Now we're getting interesting - this function has some interesting properties. At zero drive it's linear, and at low drive the bottom is attenuated. At mid-drive, the lower half of the input signal is zeroed out and energy is lost. At higher drives, things get very interesting - the lower half is mirrored up into the top half, and this has three effects - first, fundamental frequency is doubled; second, the fundamental frequency is eliminated; third, even harmonics are introduced.

You can also use this function with CV processing to zero-out half of the input signal by setting the drive to 63. Unfortunately, the function is not quite zero for negative CV input, so you don't get a pure zero. An inverted peak works better in this case. The advantage is that this function retains linearity for the upper half of the input signal domain.

sine-wave chord


Wrap

function

sine-wave

And now for the strangest function of them all. I'm really not sure how to describe this one. At low drive, it's linear, but as the drive increases the upper half of the input signal is quickly attenuated non-linearly, and then inverted! Yet the maximum positive input is still passed through unmodified. As drive increases further, it just gets weird. Look at the way it distorts a basic sine-wave. Crazy stuff!

sine-wave chord



Frequency Analysis

I set out intending to examine each mode according to its frequency response. But I quickly hit a problem - non-linear systems don't lend themselves to frequency analysis very easily at all. Since the usefulness of this analysis is very limited, I decided to give this a miss.


Audacity does do some very nice spectrum analysis plots though.


Intermodulation Distortion

Intermodulation (wikipedia) is a phenomenon of non-linear systems where two input frequencies combine in a way that does not produce harmonics, but typically sum and difference frequencies. It's essentially an interaction between the input signals - they mix together and produce new frequencies which are typically non-harmonic, or "off-key".

This work is licensed under the Creative Commons Attribution-ShareAlike 3.0 License.

It's intermodulation distortion that makes non-linear systems difficult to analyse, as well as sometimes sound very cool. It also means that the sine-wave plots throughout this article are indicative only - simply add a second sine-wave and you'll get completely different results. Put in more complex signals and who knows what you'll get out...

As I was writing this, something occurred to me. If you take a typical Thor sound patch and play a chord, Thor creates a separate voice for each note. Each voice has its own Shaper, so you're only playing one note through each Shaper - the result is mixed together later. This completely avoids any intermodulation distortion created by different notes. If you want to create this sort of distortion, which sounds completely different, you need to route the mixed audio into another Shaper. Here are some examples of the same chord played through a separate Shaper:

soft clip
hard clip
saturate
sine
bipulse
unipulse
peak
rectify
wrap

Here's the RNS file:

Using the Shaper for CV Processing

Normally the Shaper is used for audio distortion, but with a few considerations it can also be used to process CV signals. This opens up some very interesting possibilities.

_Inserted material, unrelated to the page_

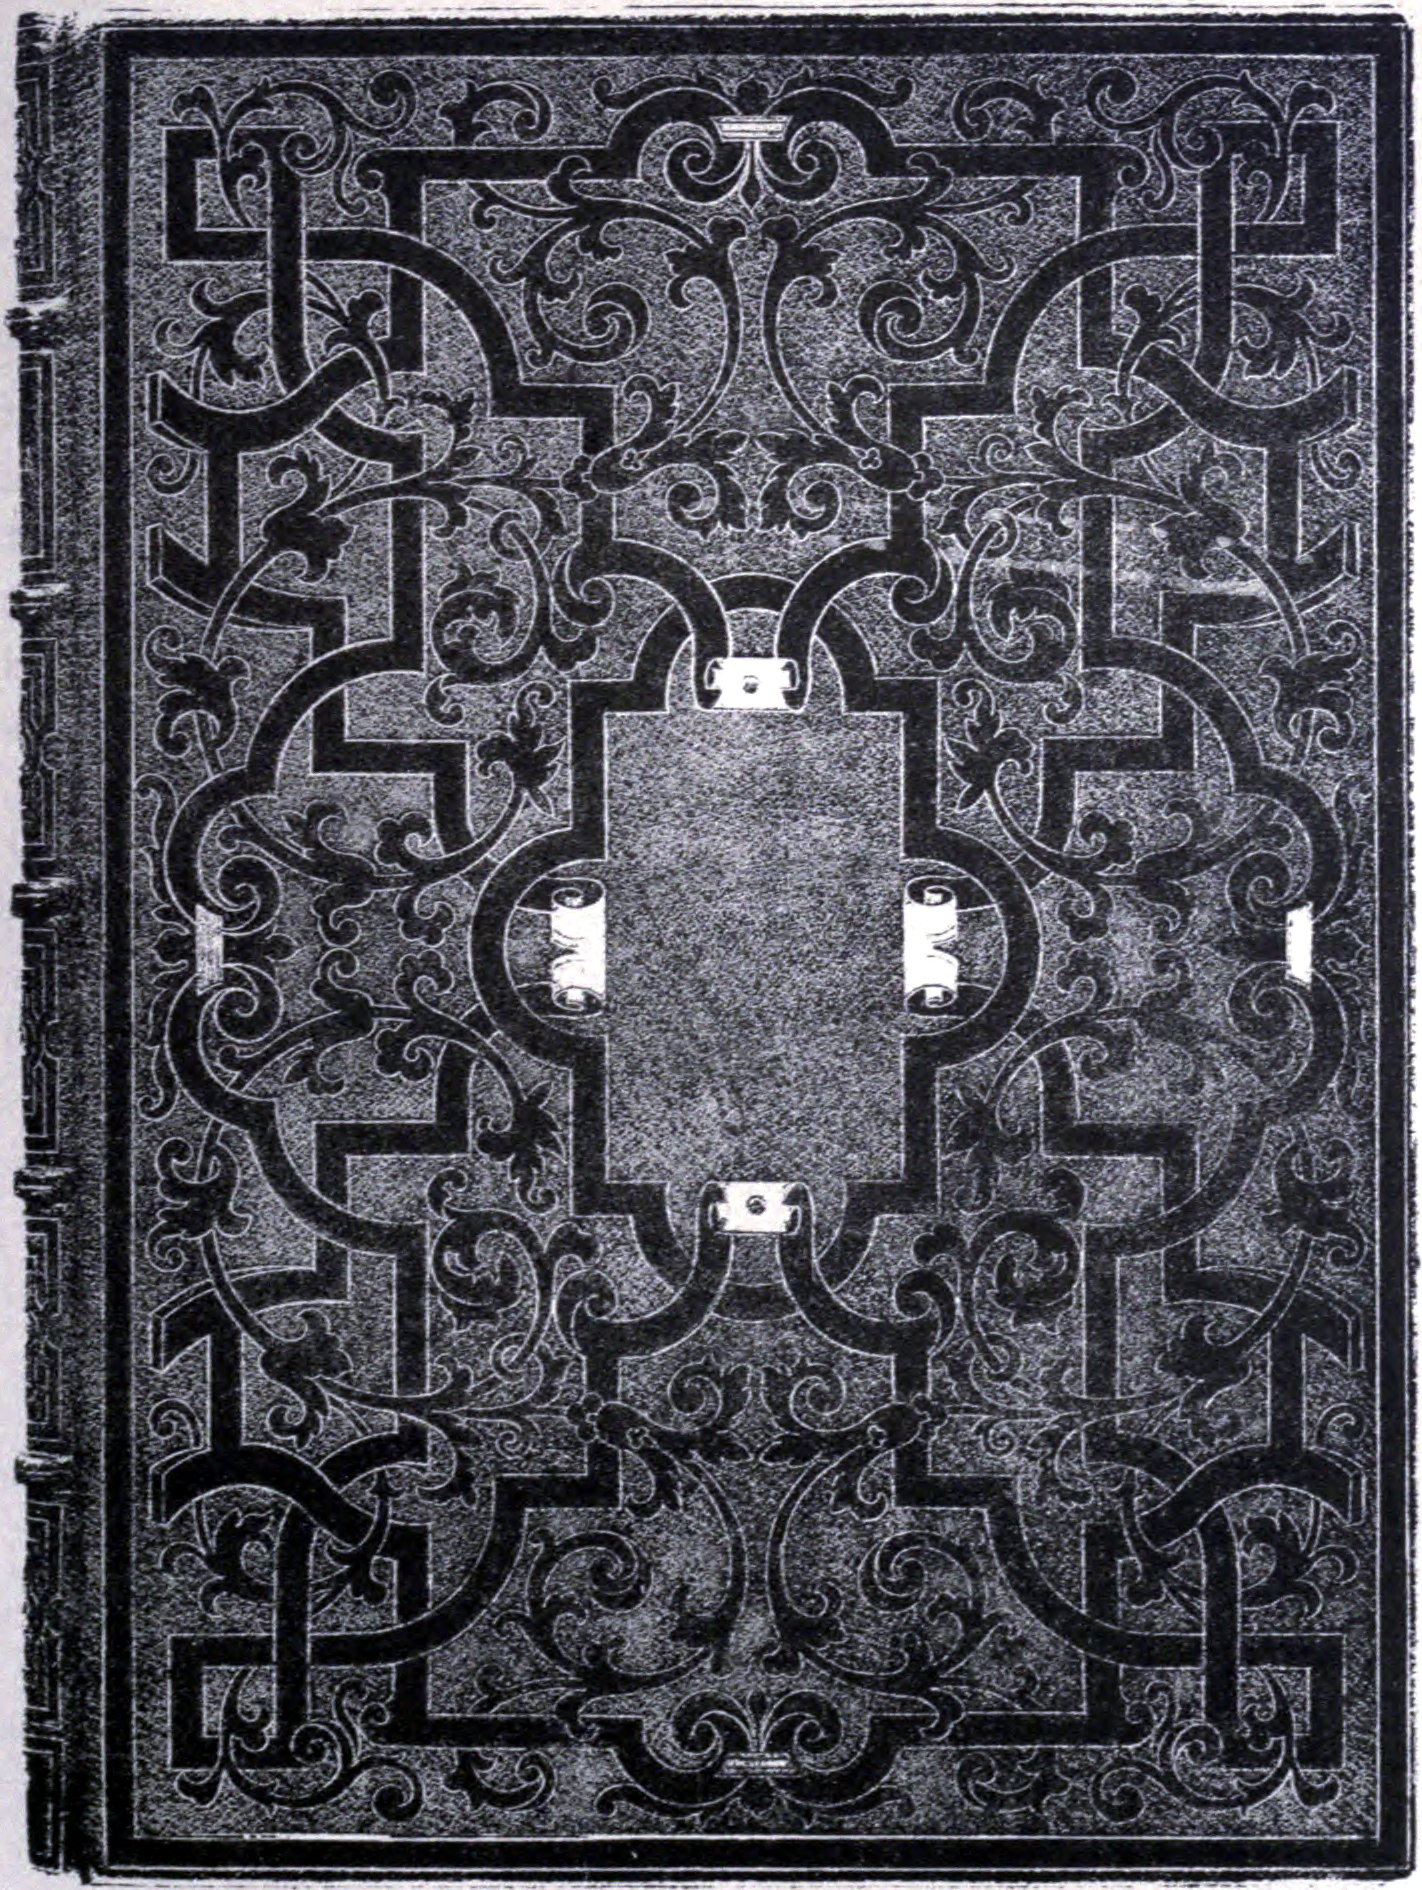 Plain Black Book Cover : File art of bookbinding p maioli wikimedia commons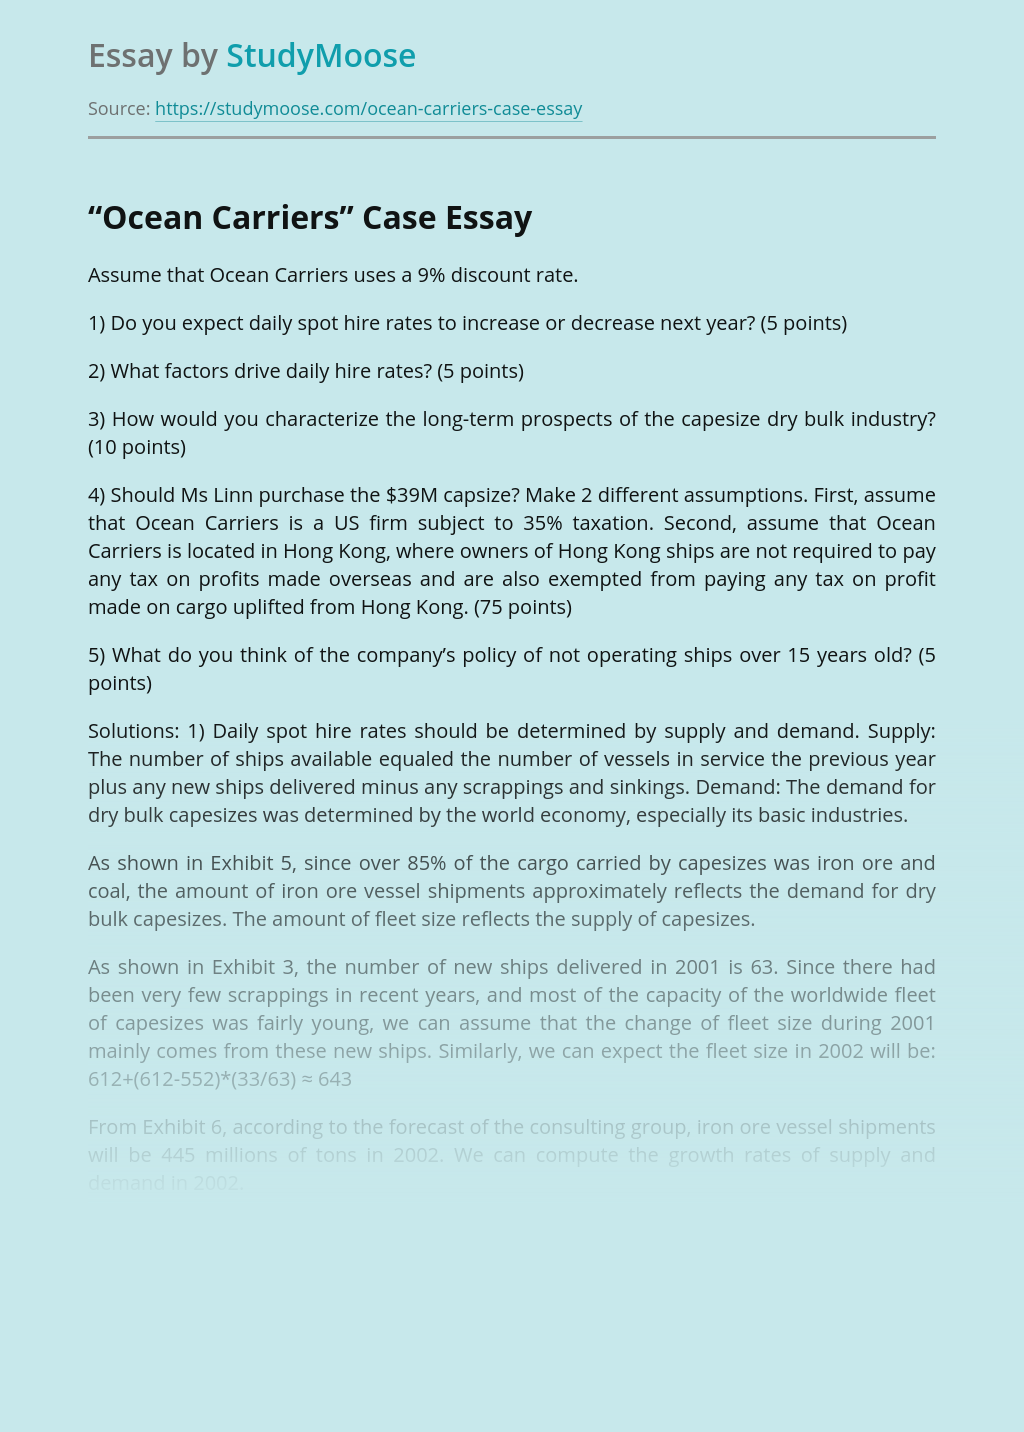 """Ocean Carriers"" Case"

Shultz designed a Triple Cross Fader using the Shaper's rectifier mode. This brilliant design uses the drive set to maximum which implements two piece-wise linear functions. You can read all about this here.

During the development of my 8-bit Adder, I encountered an issue where one of my CV signals was growing very, very large. This was causing the Thor scaling to fail. To fix this, I fed the rogue CV signal into a Thor Shaper with the hard-clip mode set to zero drive. This clipped the CV signal at 127 rather than whatever high value it had reached, and this allowed the Thor scaling to work properly again, regardless of what processing happened before.

In order to use the Shaper for CV processing, there's a trick you need to know. Because the Shaper is located in the "per-voice" section of Thor, it is only available when Thor is playing a note. Or at least when Thor thinks it is playing a note.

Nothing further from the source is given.